Он снес Игната одним прицельным ударом здорового кулака в голову. Невменяемый мужик разжал мои волосы и пошатнулся. Хотел дать отпор.
Но Камиль был так разъярен, что он не успевал даже ставить защиту.
Бесчисленные удары, как молотком по наковальне, сыпались на его голову, плечи, корпус. Камиль оттеснил этого подонка от меня. Стал ко мне спиной.
Я в ужасе сползла на пол и накрыла голову руками.
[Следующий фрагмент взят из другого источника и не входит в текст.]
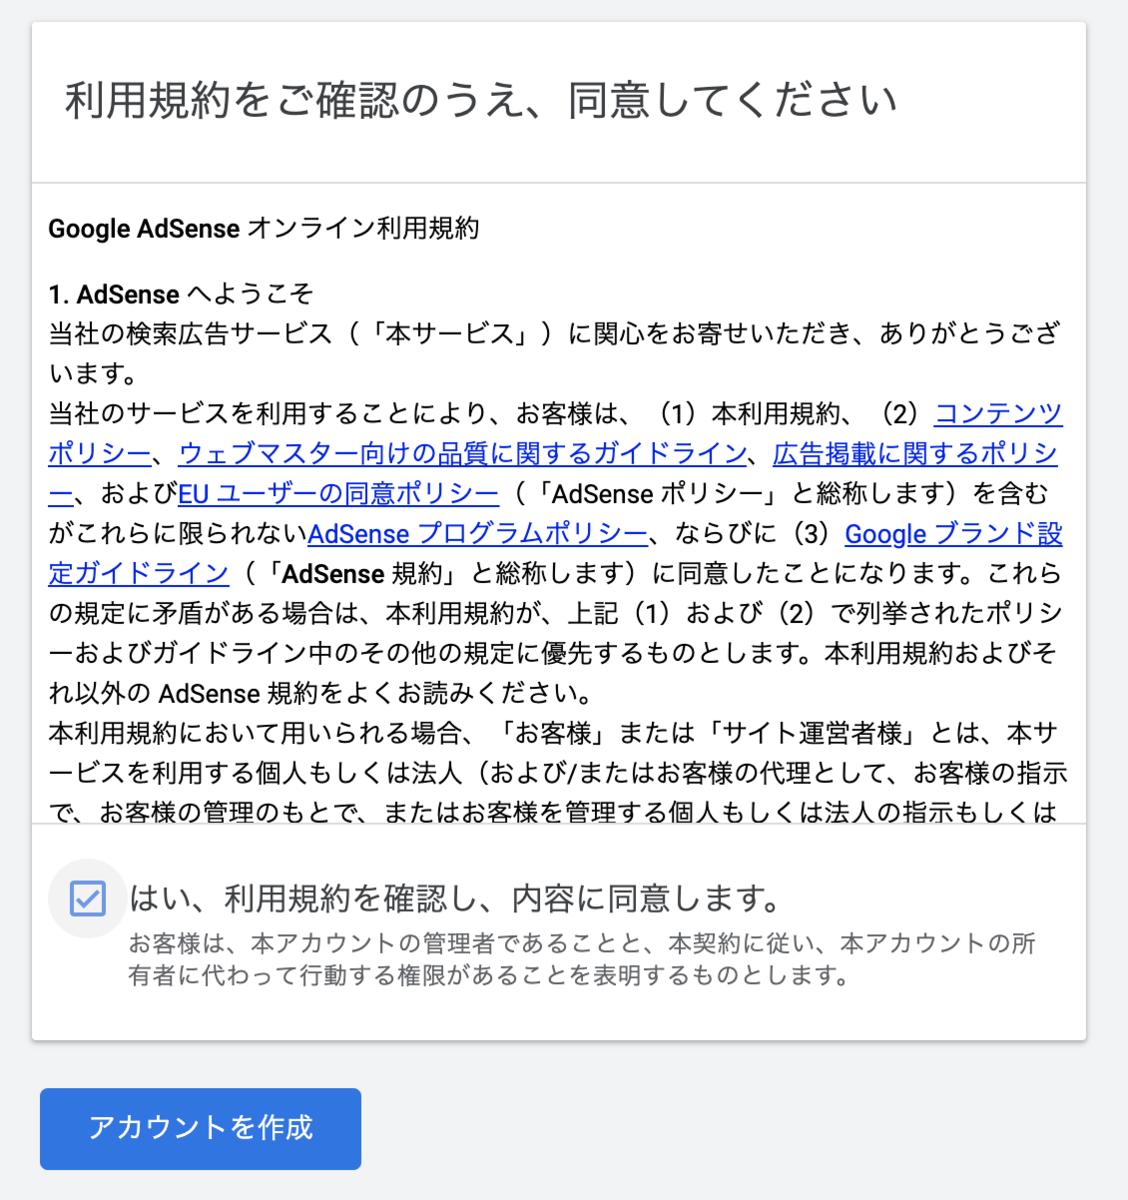 Google アドセンスお申し込み確認画面スクリーンショットの続き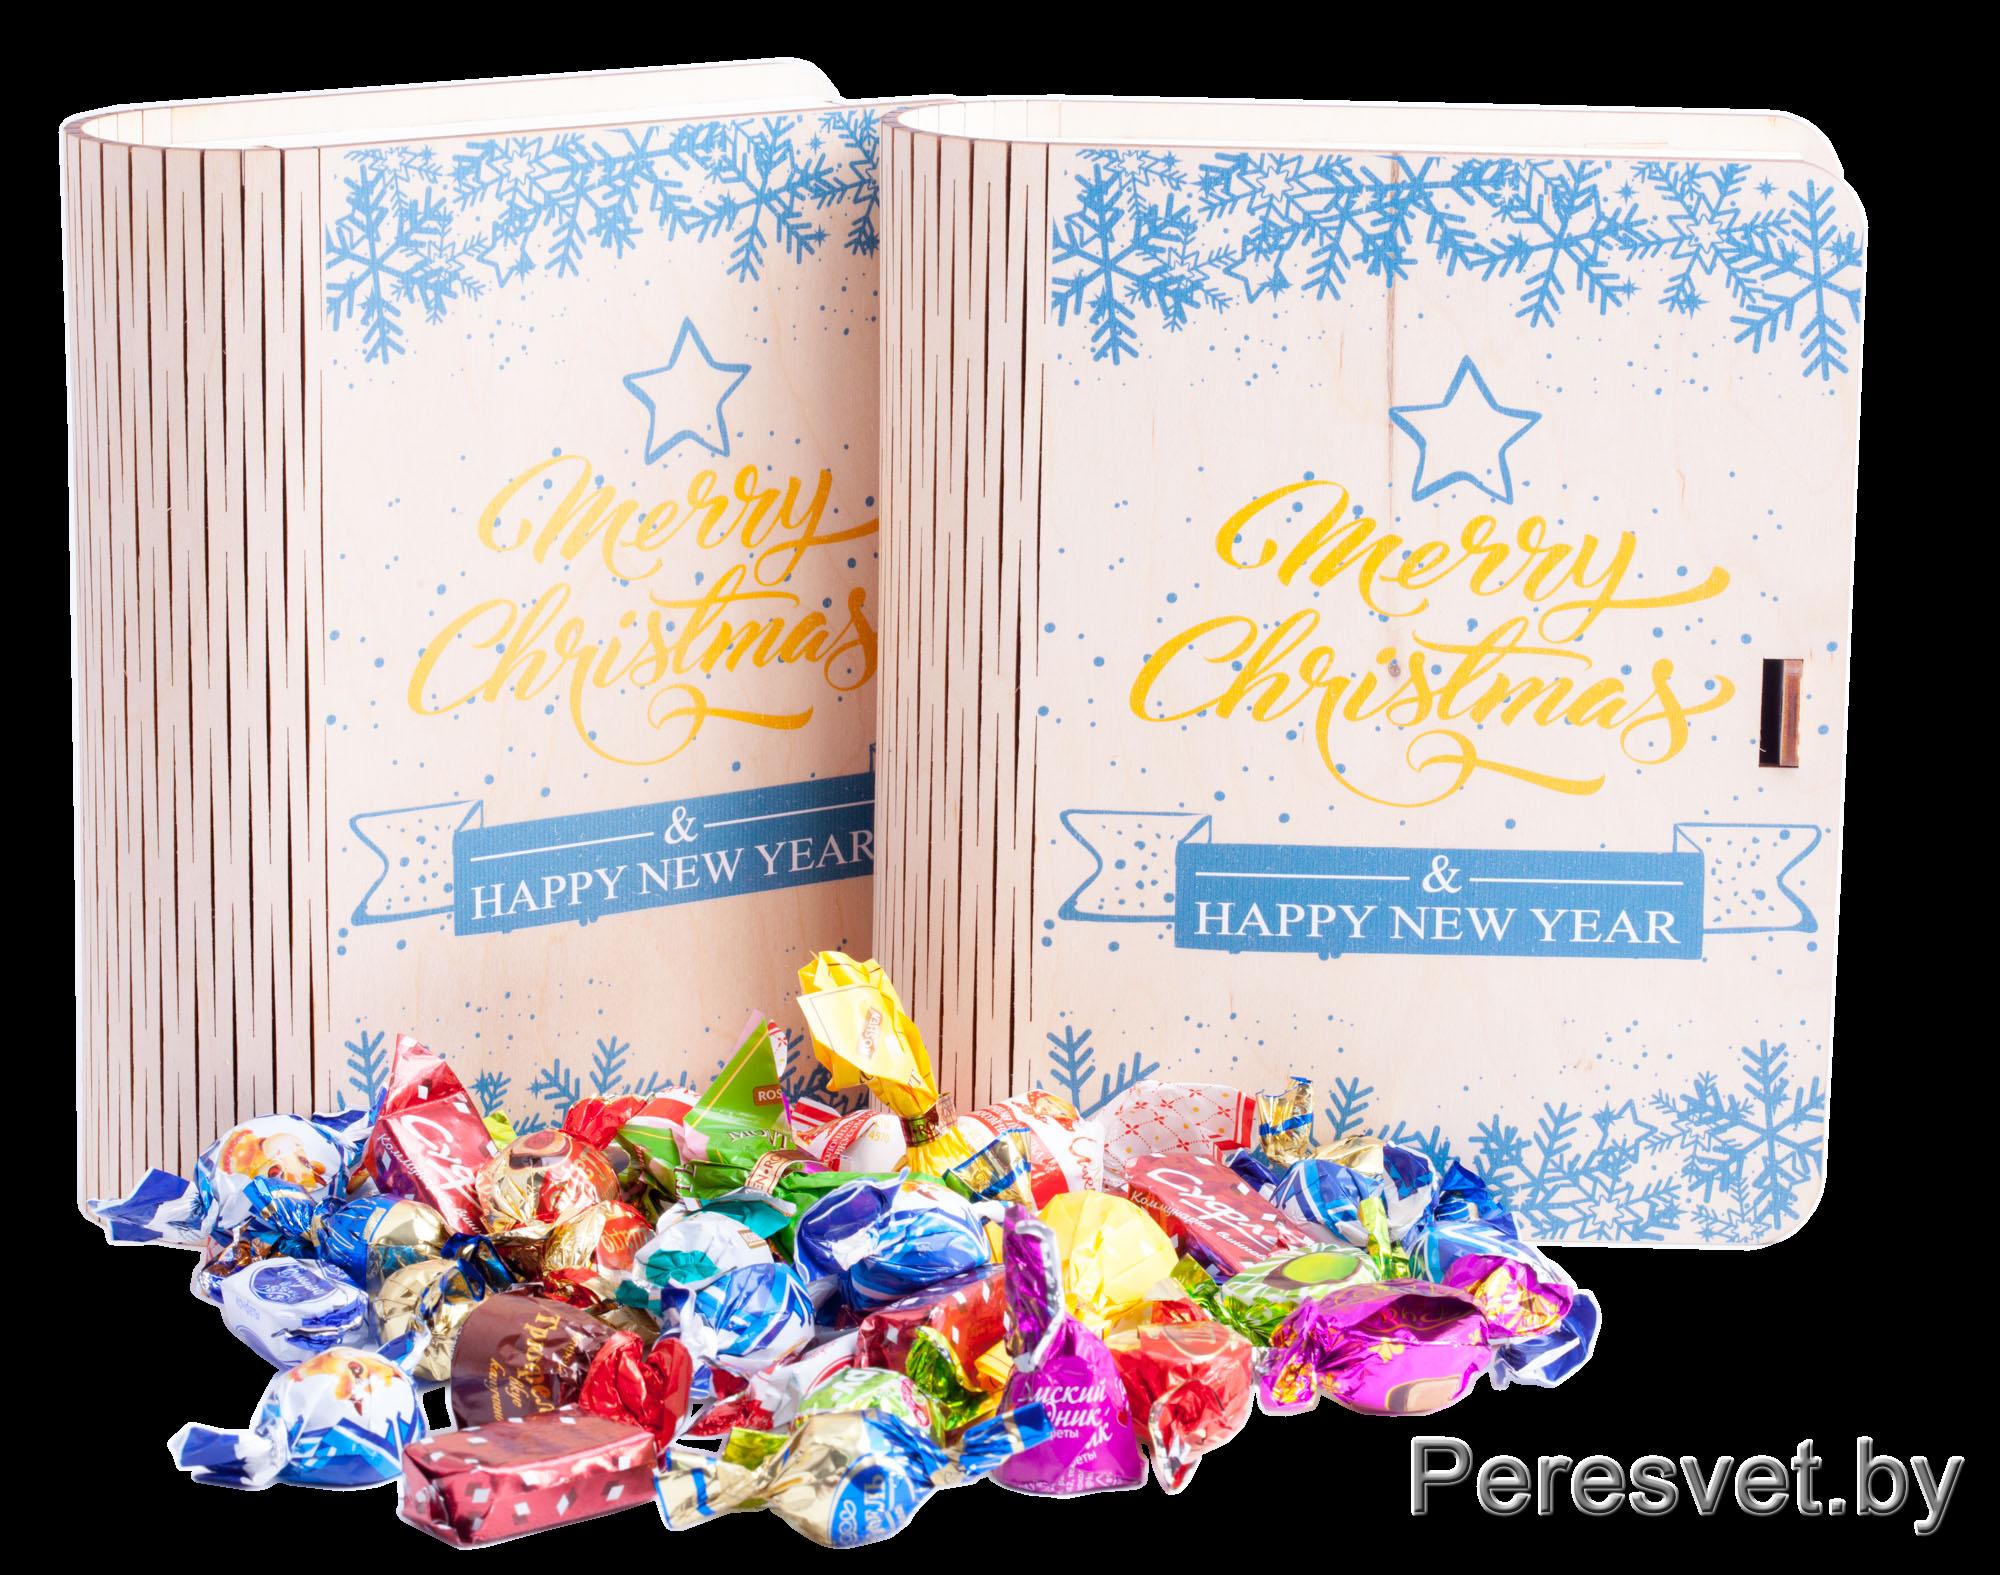 Праздничная упаковка Merry Christmas шоколадное настроение на peresvet.byПраздничная упаковка Merry Christmas шоколадное настроение на peresvet.by

Видела только, как ноги Камиля перешагивали вперед. Ближе к обреченному Игнату. Он бил его до тех пор, пока тот грузно не рухнул на пол.
Сипение и стоны насильника от боли еще долго будут звучать в моей голове. Все происходящее было ожившим кошмаром. Кромешным ужасом.
Камиль пинал подонка по ребрам ногами. Склонялся к нему и приподнимал его за грудки и снова бил по окровавленному лицу кулаками.
— Камиль! Камиль, остановись, ты убьешь его, — взмолилась я.
Если я и хотела наказания для обидчика, то он его уже получил в полной мере.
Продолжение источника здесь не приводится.